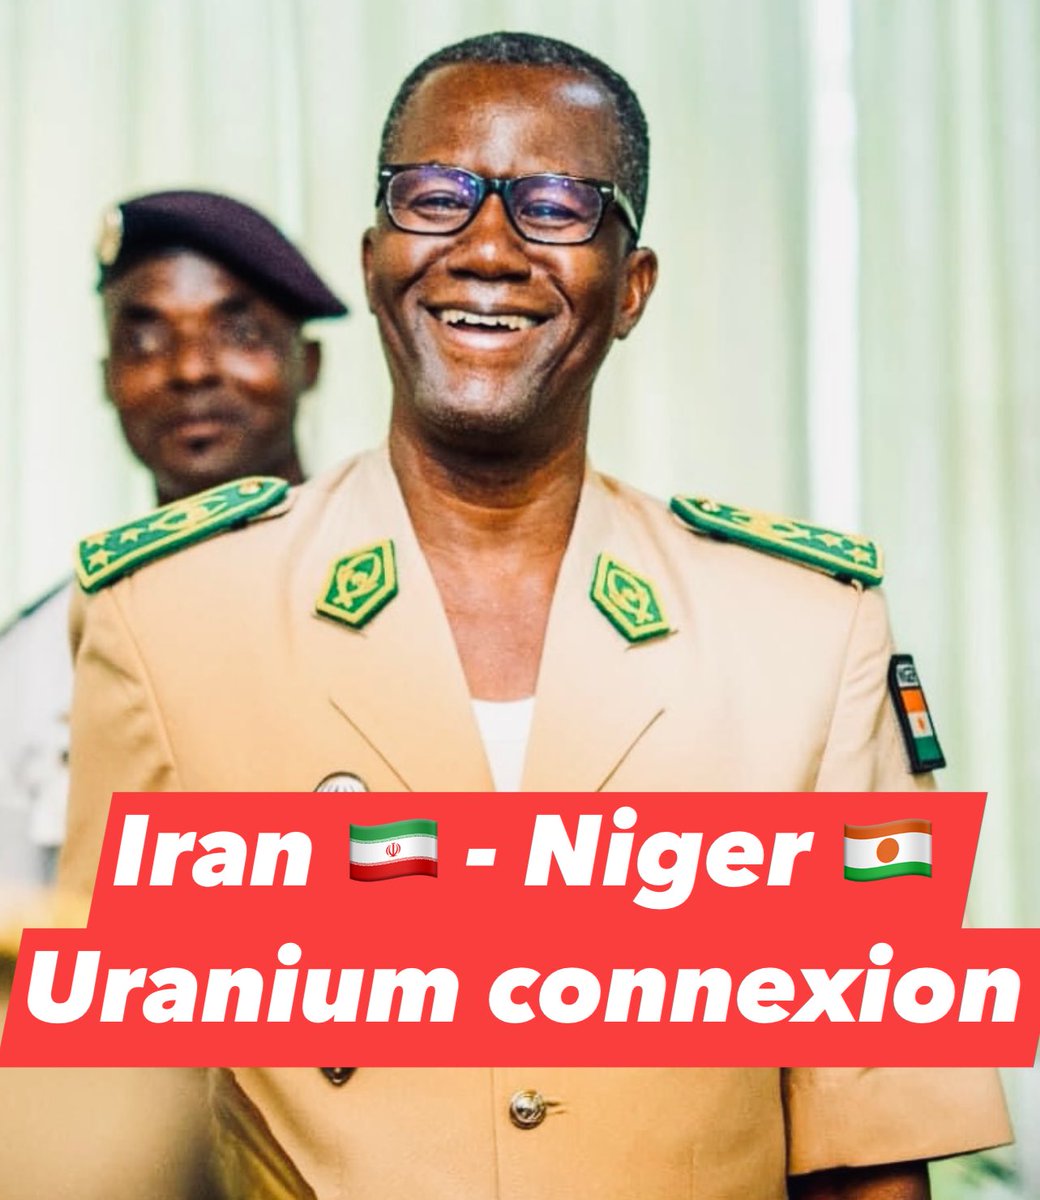 🚨#Niger : les autorités Iraniennes négocient avec la junte au Niger, l'acquisition de 300 tonnes d'uranium. Selon le cours actuel, sa valeur avoisine les 56 millions de dollars. Le dossier ultrasensible est scruté au plus près par l'administration de Joe Biden. Le Premier
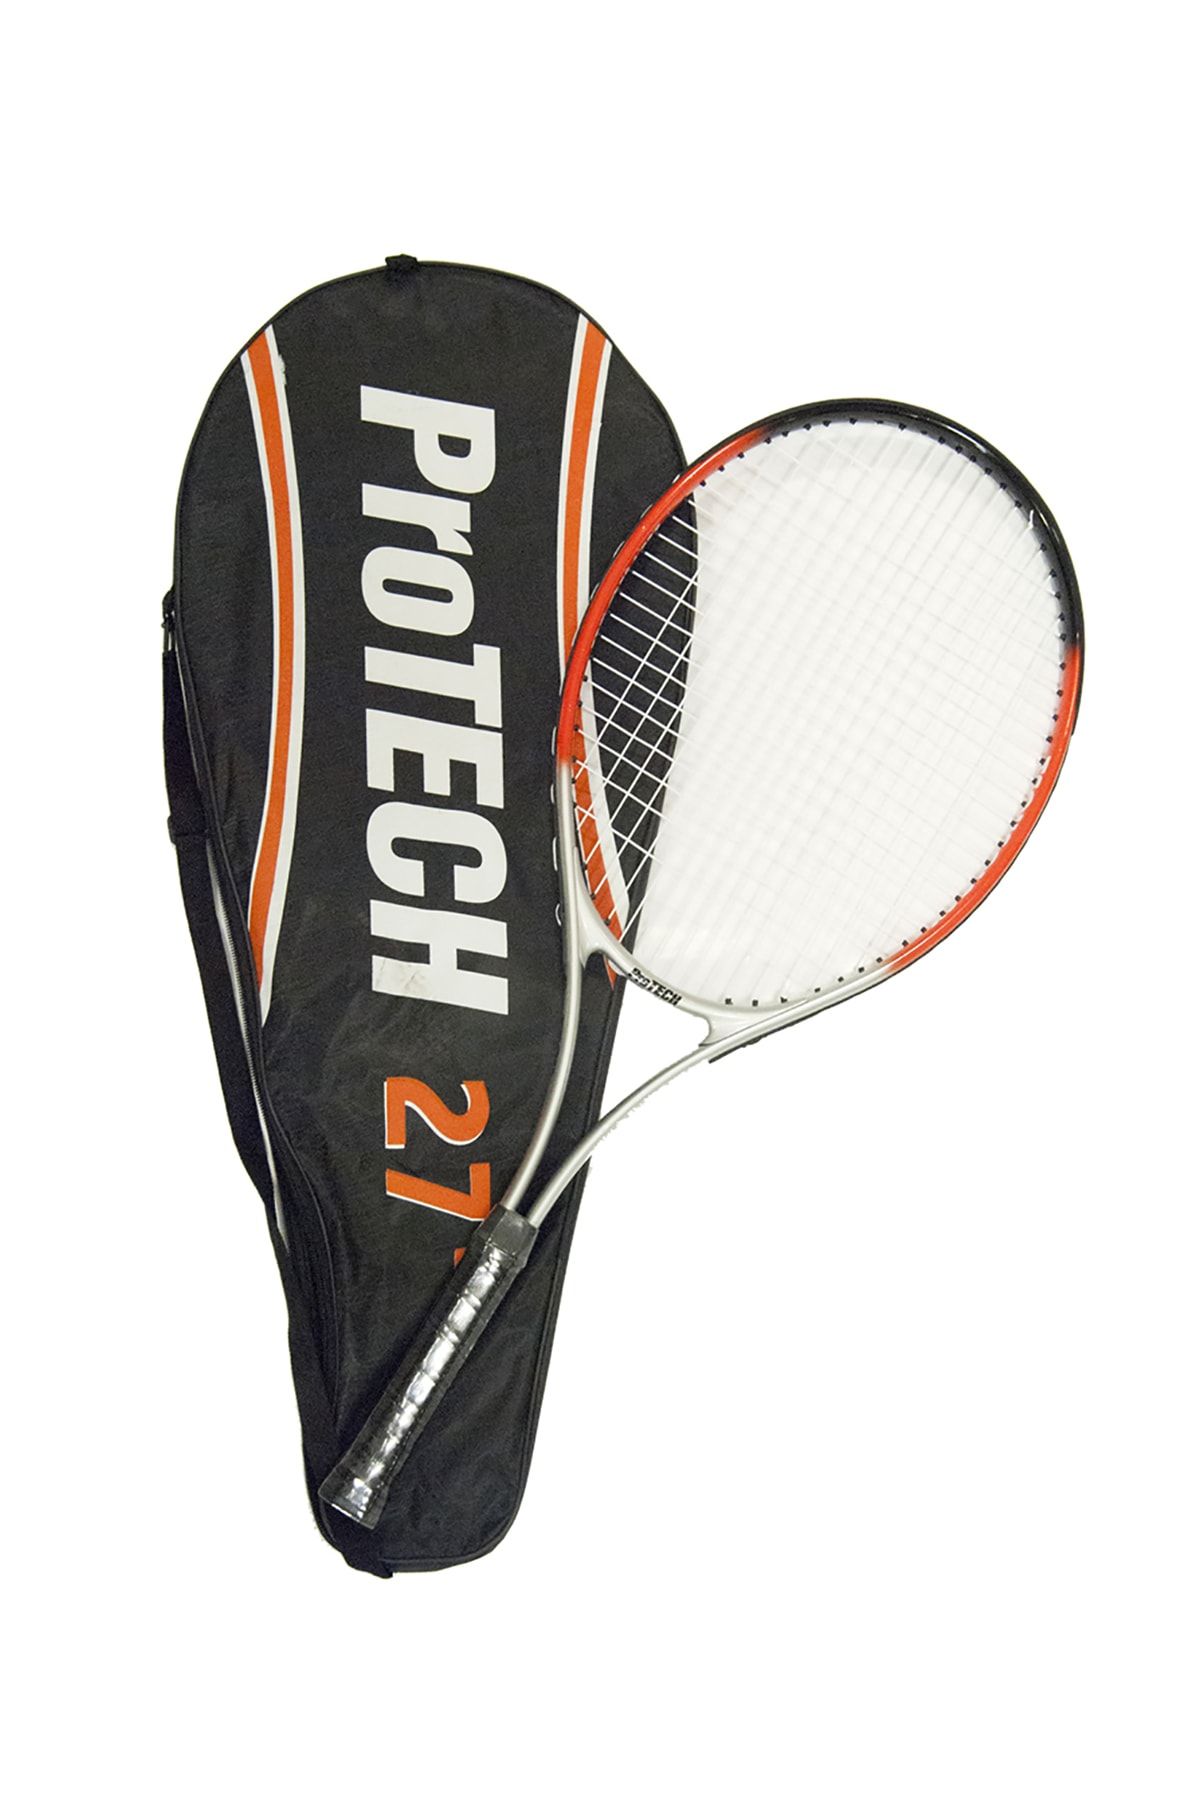 Protech M500 Tenis Raketi - 27
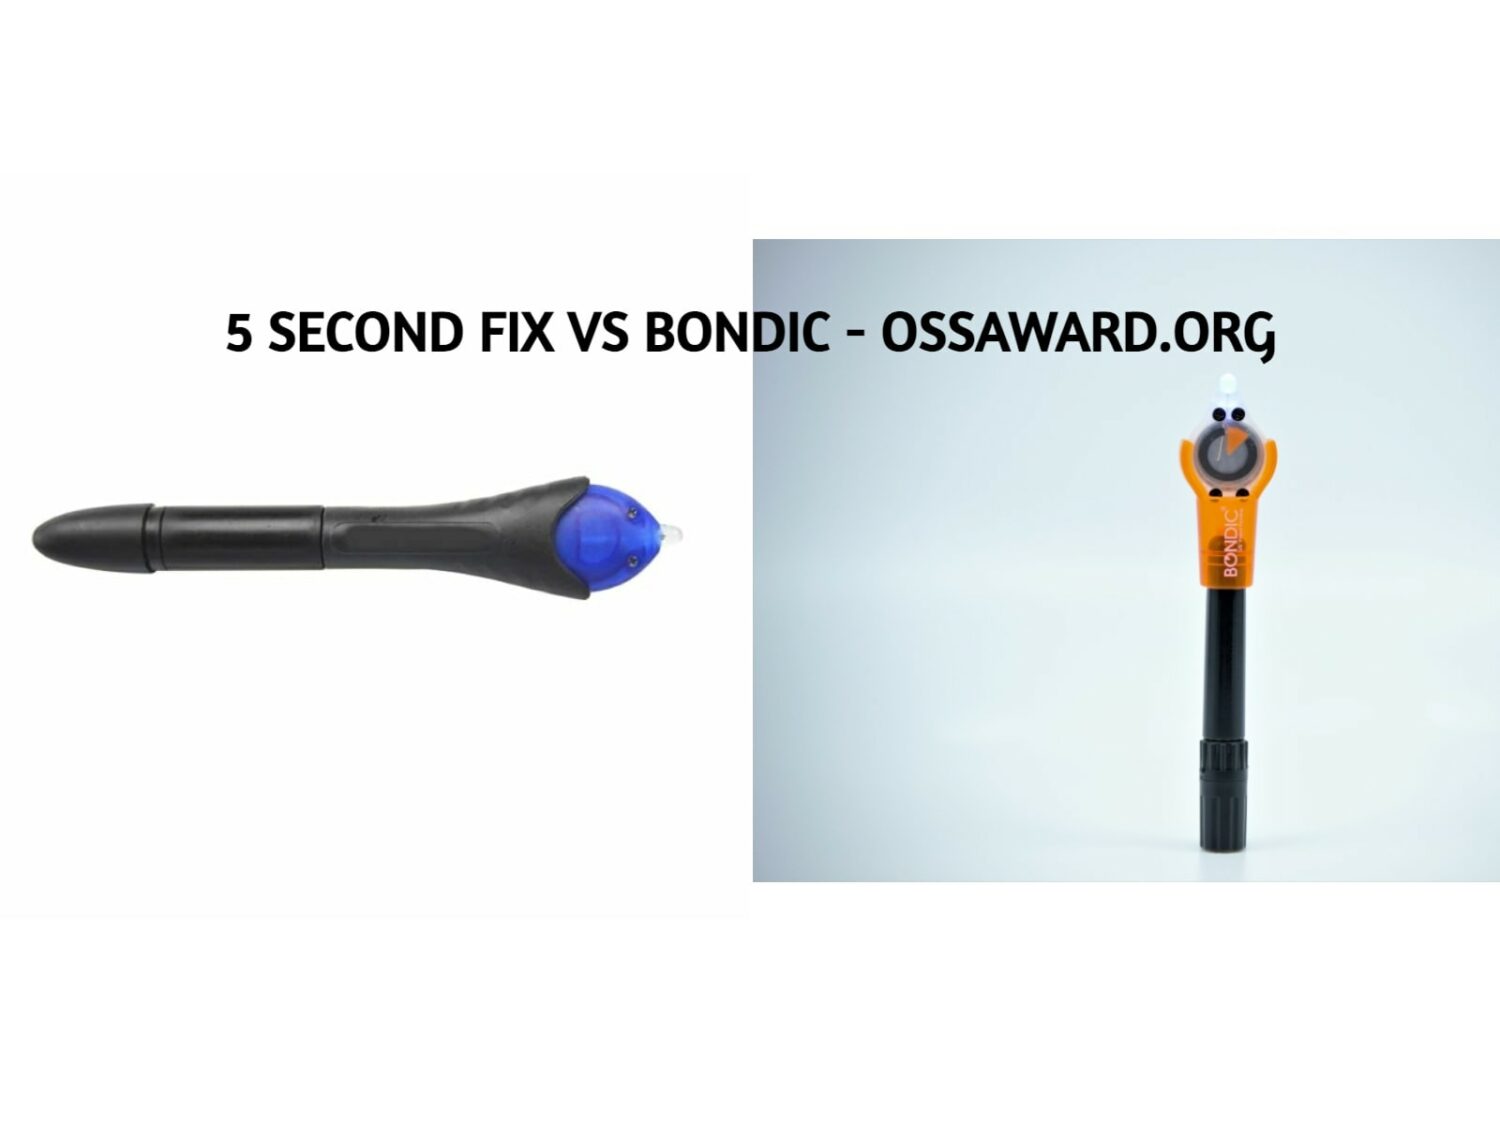 5 Second Fix vs Bondic - Comparison
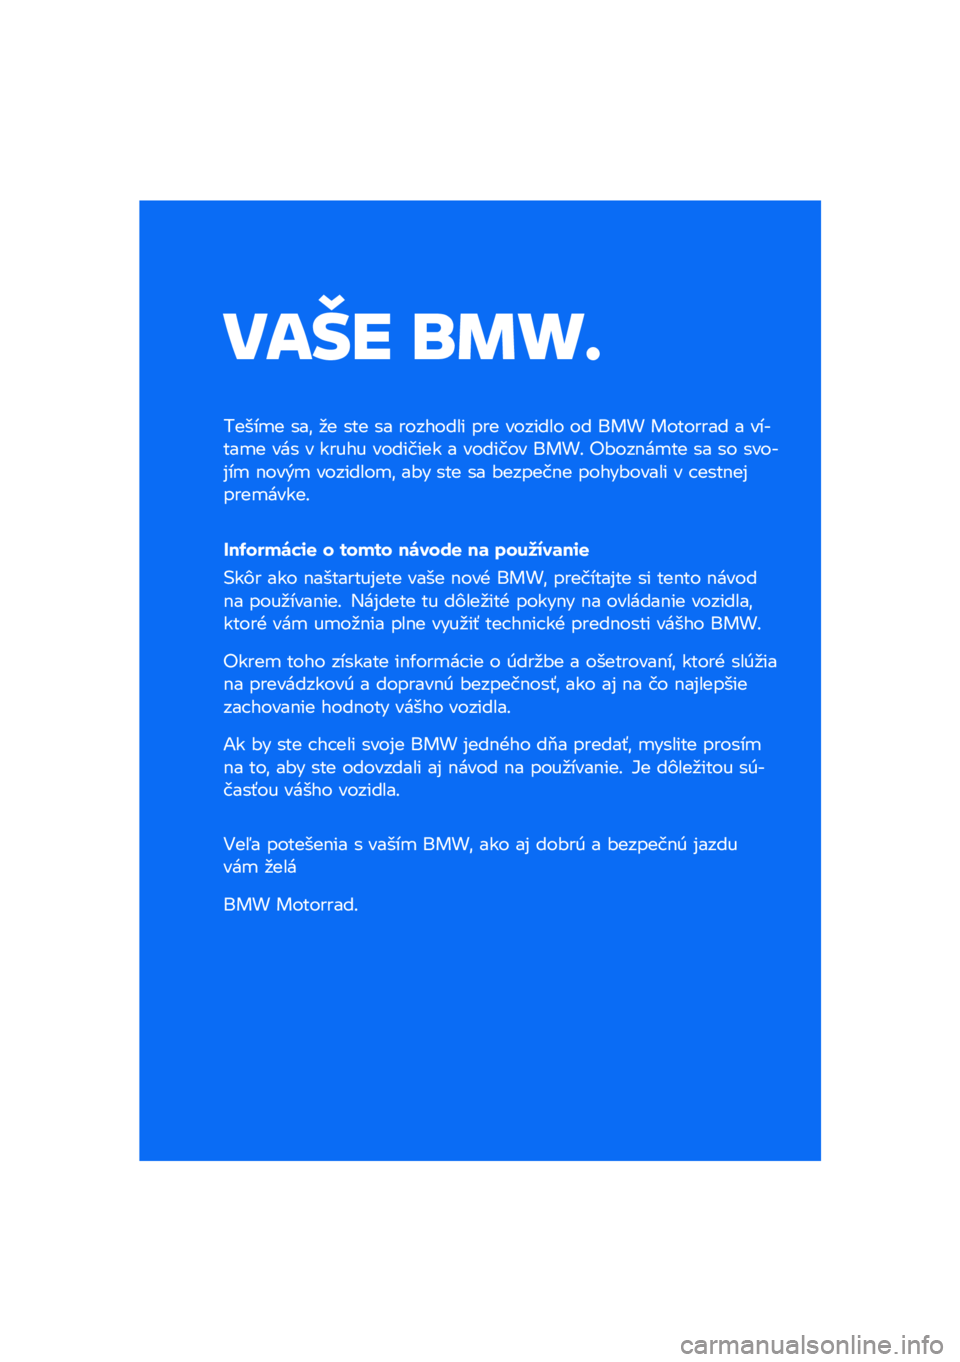 BMW MOTORRAD R NINE T URVAN G/S 2021  Návod na používanie (in Slovak) ���� �\b�	�
�
�����
� ���\f �
� ��� �� �������� ��� ������� �� ��� �������� � ������
� ��� � ����� �������� � ������� �

-*-

▶ **WHAT YOU HAVE TO DO**:
The output is to be the material in full and unaltered, with pictures omitted.

▶ **EXERCISE SOLUTION**:
 🚨#Niger : les autorités Iraniennes négocient avec la junte au Niger, l'acquisition de 300 tonnes d'uranium. Selon le cours actuel, sa valeur avoisine les 56 millions de dollars. Le dossier ultrasensible est scruté au plus près par l'administration de Joe Biden. Le Premier
 Protech M500 Tenis Raketi - 27
 5 Second Fix vs Bondic - Comparison
 BMW MOTORRAD R NINE T URVAN G/S 2021  Návod na používanie (in Slovak) ���� �\b�	�
�
�����
� ���\f �
� ��� �� �������� ��� ������� �� ��� �������� � ������
� ��� � ����� �������� � ������� �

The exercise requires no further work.